28 June 2016

A LIBERDADE ILUMINANDO O MUNDO


Pedro vive com 9 irmãos numa espelunca de paredes de cartão e janelas sem vidros onde o pai o espanca se ele se atreve a dizer que está cansado demais para mendigar. Pedro sonha com o dia em que será capaz de matar o velho e dedicar-se ao “dealing on the dirty boulevard”. Do outro lado, no Lincoln Center, estreia uma ópera à qual as “movie stars arrive by limousine” mas “the lights are out on the mean streets, a small kid stands by the Lincoln Tunnel selling plastic roses for a buck” e “the tv whores are calling the cops out for a suck”. E, como um fantasma cruel que paira sobre o "Dirty Boulevard" da New York (1989), de Lou Reed, escutam-se as palavras “Give me your hungry, your tired, your poor, I'll piss on 'em, that's what the Statue of Bigotry says, your poor huddled masses, let's club 'em to death and get it over with and just dump 'em on the boulevard”. Se, hoje, fosse viva, Emma Lazarus arrepiar-se-ia ao dar-se conta de como a História e o tempo obrigaram a que o seu poema, “The New Colossus”, fosse, inevitavelmente, desfigurado. Tradutora e poetisa, filha de emigrantes judeus sefarditas-ashkenazi de origem portuguesa e alemã, Emma escreveu em 1883 esse soneto com o objectivo de angariar fundos para a construção do pedestal da estátua da Liberdade, na Liberty Island, no porto de Nova Iorque.

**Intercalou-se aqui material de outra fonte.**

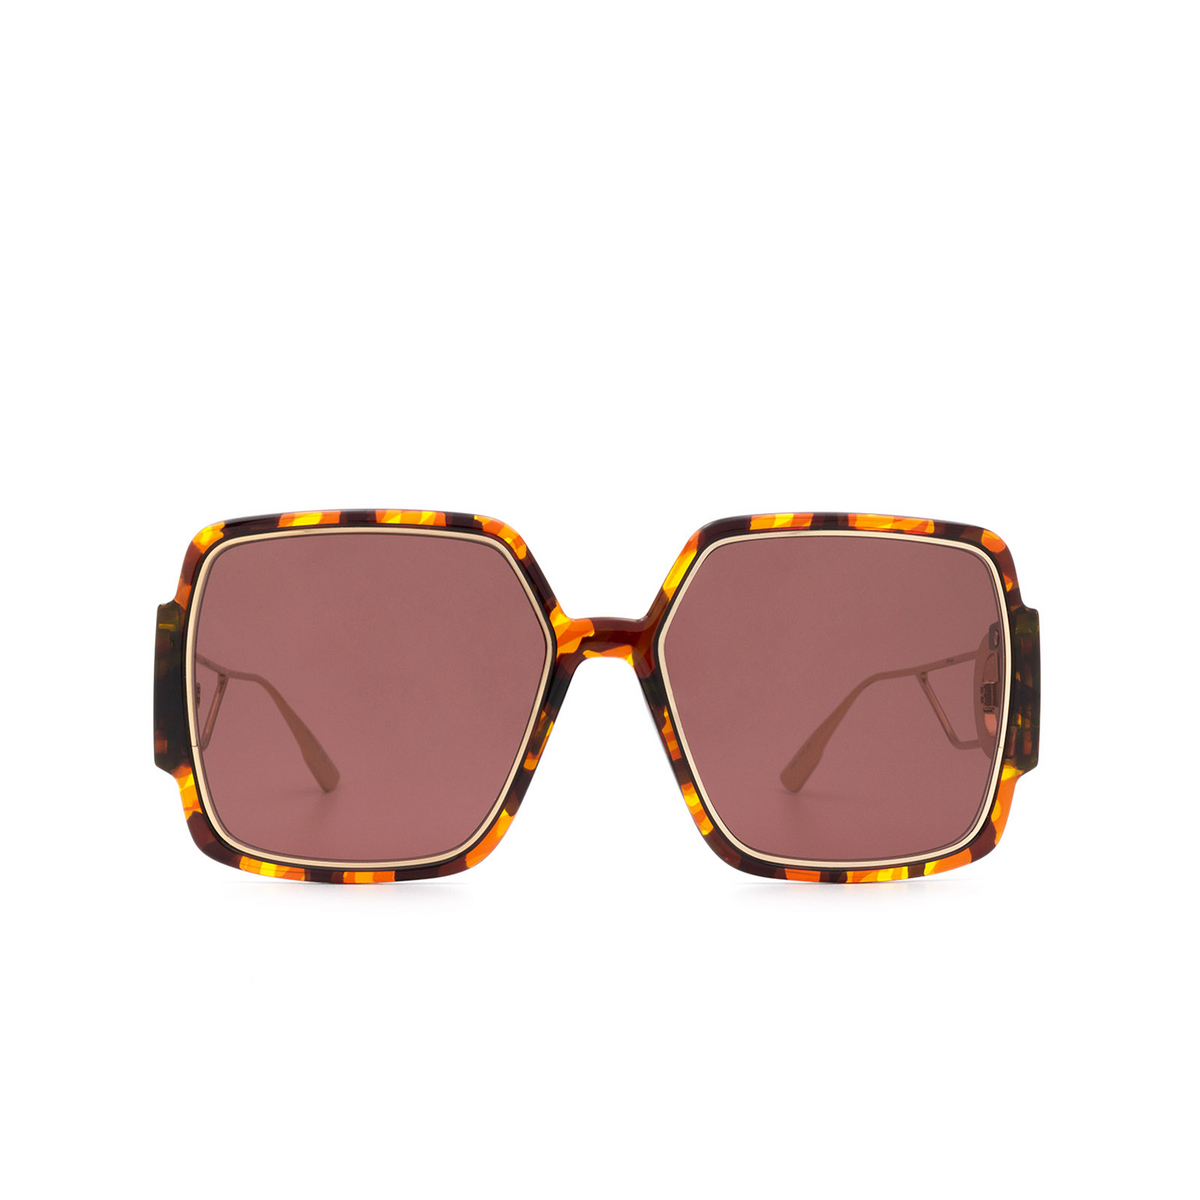 Dior® Square Sunglasses: 30MONTAIGNE2 color Havana EPZ/U1 - front view.

Dedicava-se, por essa altura, ao auxílio a refugiados judeus em fuga dos "pogroms" anti-semitas na Europa de Leste. A eles dirigiu as palavras dos cinco versos finais do soneto que acabaria inscrito numa placa, na base da estátua: “Give me your tired, your poor, your huddled masses yearning to breathe free, the wretched refuse of your teeming shore. Send these, the homeless, tempest-tost to me, I lift my lamp beside the golden door!”. Irving Berlin adaptou excertos do poema no "musical" Miss Liberty (1949), no cinema, surgiria em Hold Back the Dawn (1941), um ano depois, em Saboteur, de Alfred Hitchcock, e, recitado em português, em Cristóvão Colombo – O Enigma (2007), de Manoel de Oliveira. Quando Lou Reed o repescou para "Dirty Boulevard", o acolhimento que os EUA de Ronald Reagan ofereciam às “tired, poor, huddled masses” estaria longe de ser exemplar mas seriam precisas quase três décadas até se atingir o grau supremo de selvajaria de que Donald Trump é o arauto. E, uma vez mais, “The New Colossus” foi chamado ao debate, pela mão de Andrew Bird. Em "Saints Preservus", do recente Are You Serious, acidamente, apela: “Bring me your poor and your trembling masses, bring them here, to shelter in your substructure parking lot”.